# When are the least busiest times to go to the grocery store?



## contranigma (Jun 24, 2009)

Except for like 3am, because I like to sleep. I like to go on the weekend, but that is probably busier. Are mornings better, though. Are they significantly less crowded during the week?


----------



## anonymid (Oct 16, 2005)

Friday night.


----------



## coldmorning (Jul 4, 2007)

I sometimes go before noon and find it to be fairly quiet then.


----------



## STKinTHEmud (Jun 21, 2009)

Excuse me for saying so, but this sounds like classic avoidance behavior. If it is, it won't help you get over SA any sooner.


----------



## Neptunus (Oct 29, 2007)

From experience, anytime after 7pm. By then, everyone's at home making supper.


----------



## pita (Jan 17, 2004)

I go around 8:30 or 9 pm on a week night. I avoid grocery stores entirely on weekends.


----------



## far310 (Nov 29, 2008)

I go early in the mornings, its not too crowded near me.


----------



## TorLin (Nov 14, 2006)

weekend night time - everyone is out either partying or going on dates.
weekday either friday nights

i tend to go after 11pm/or 1am, cause my grocery store claims to be 20 hour store.


----------



## Squirrelevant (Jul 27, 2008)

STKinTHEmud said:


> Excuse me for saying so, but this sounds like classic avoidance behavior. If it is, it won't help you get over SA any sooner.

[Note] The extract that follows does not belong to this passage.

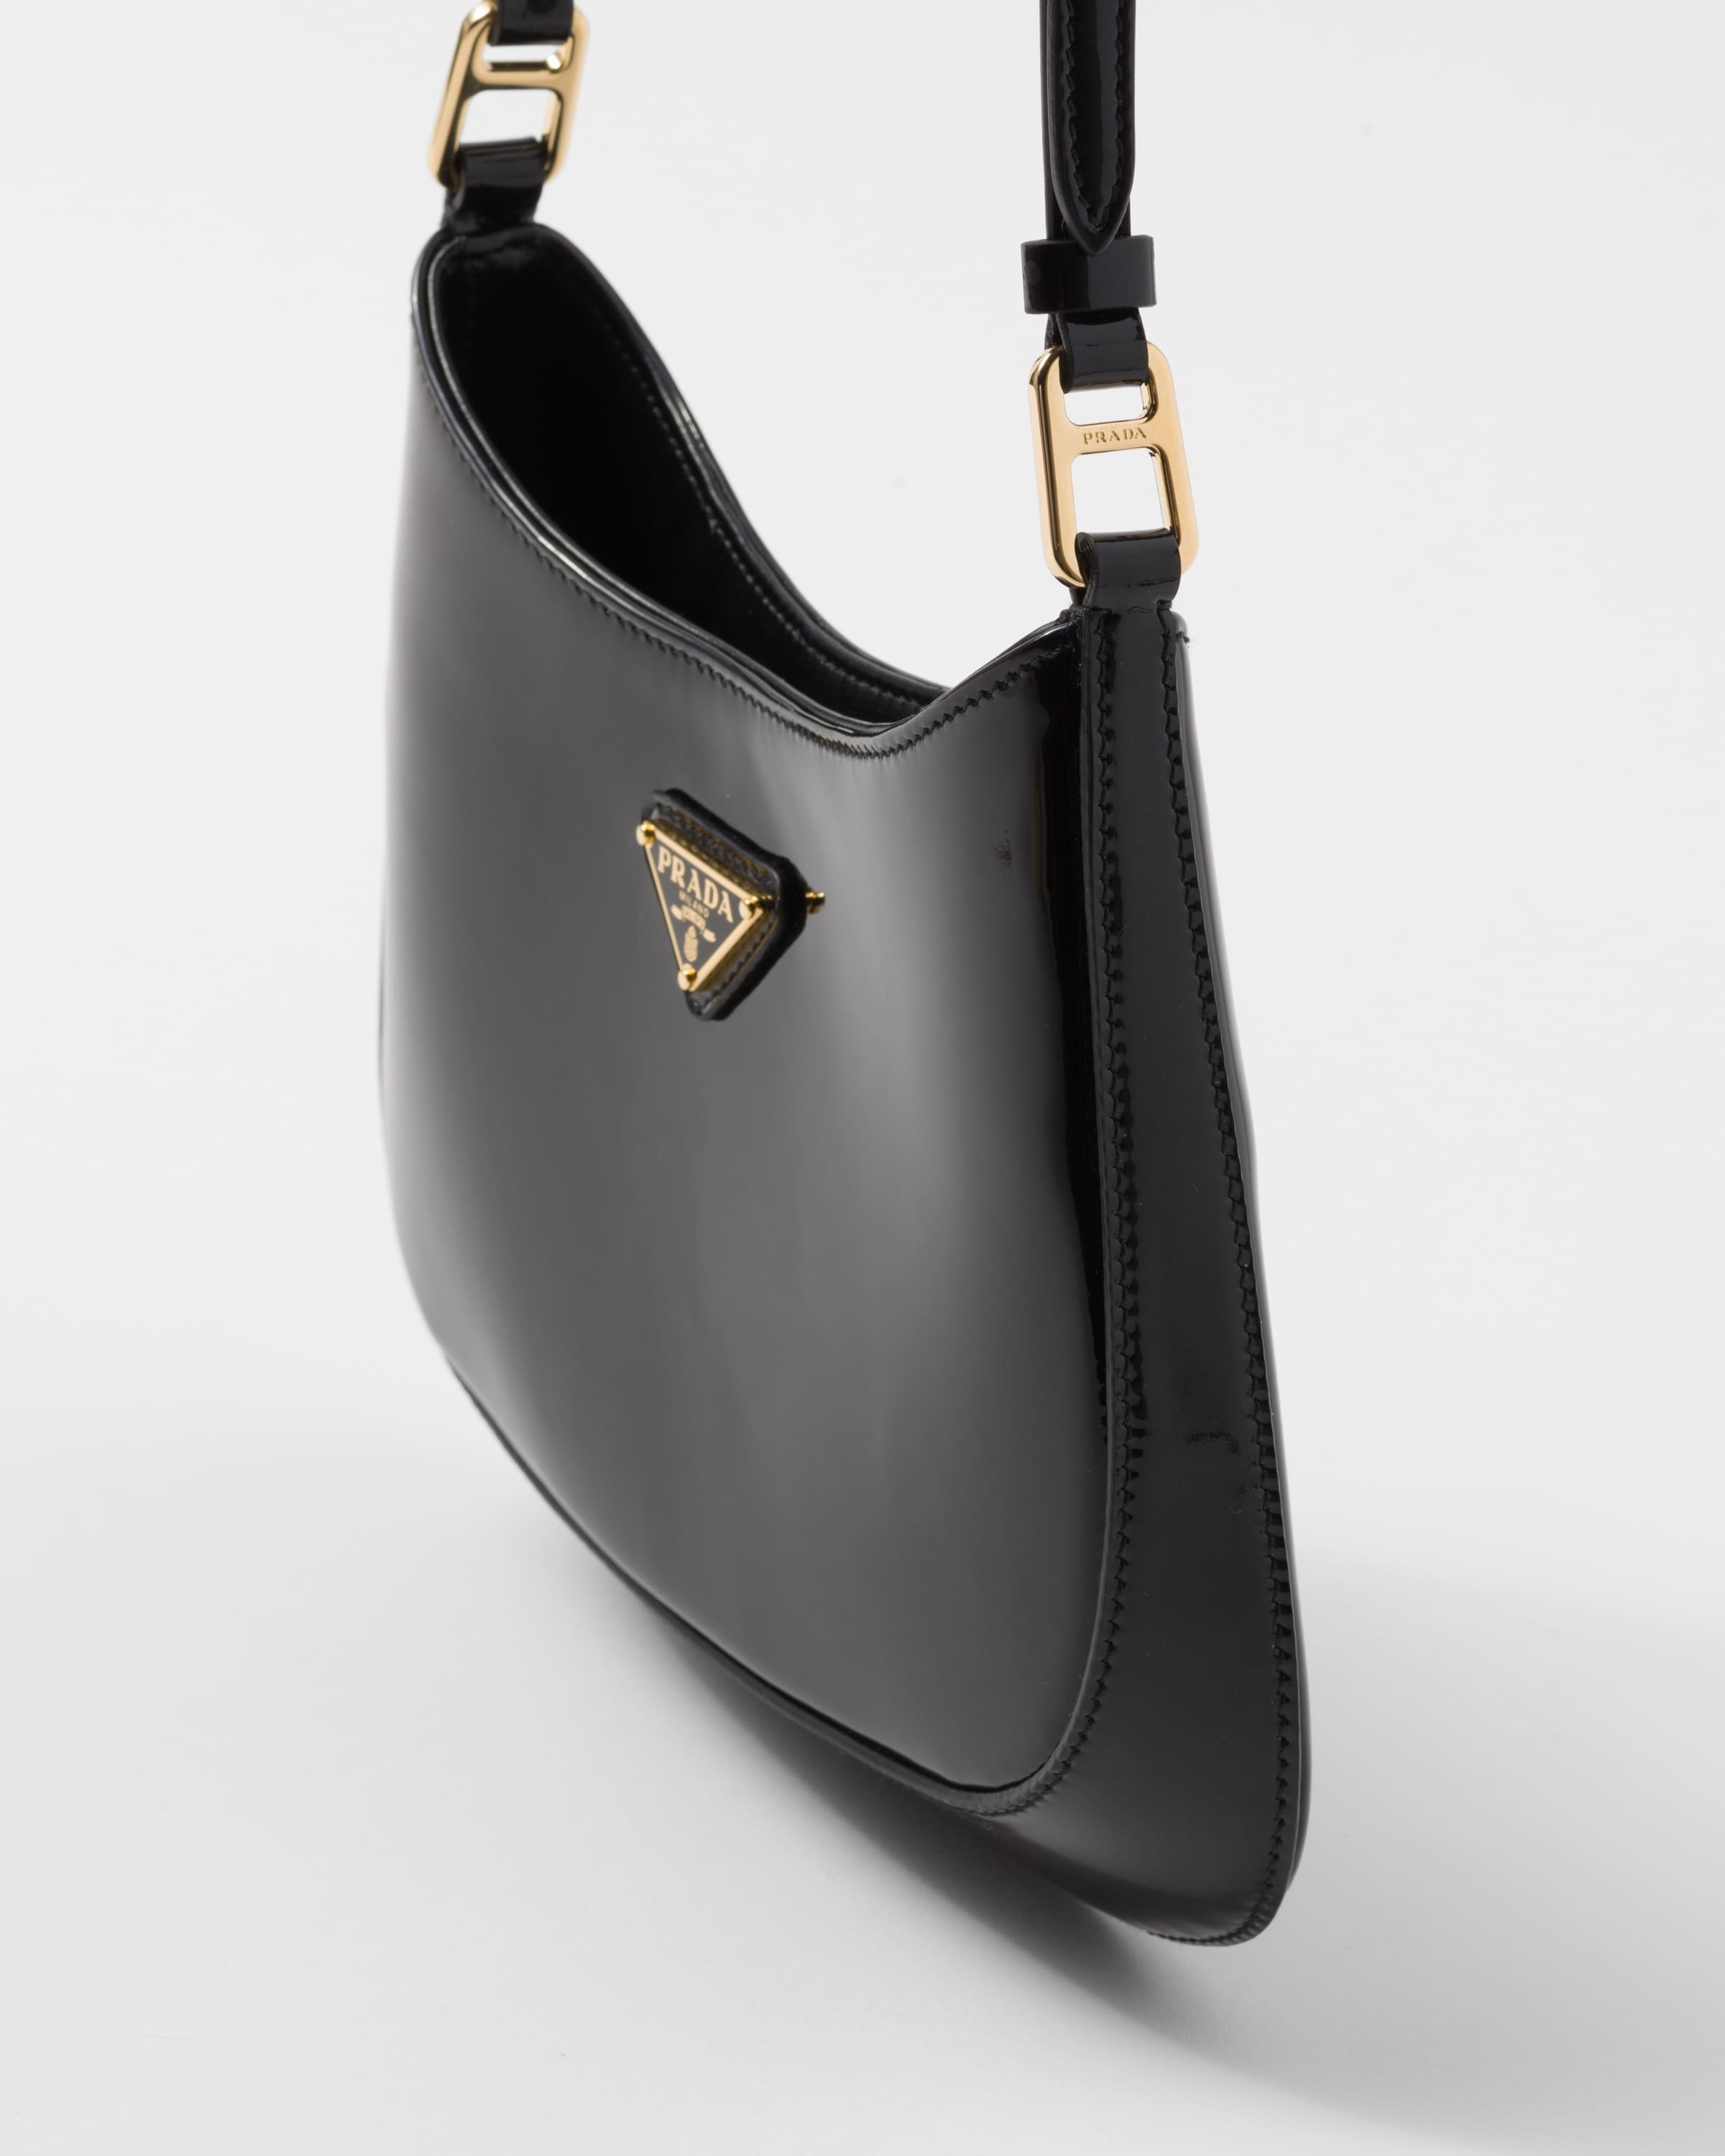 Prada Cleo patent leather bag - 6

It isn't necessarily that simple. If you won't go shopping otherwise and don't want to become malnourished it would be a good idea to begin with - especially since not eating properly will just make your anxiety worse. I know this all too well. Then you could always work your way up to going shopping at busier times.


----------



## Emptyheart (Sep 15, 2009)

Try going after dinner times..people are usually in their homes.


----------



## Kwtrader (Oct 10, 2007)

usually like 1pm-3pm, or 9pm-11pm on weekdays. especially 9pm to 11pm weekday very few people.


----------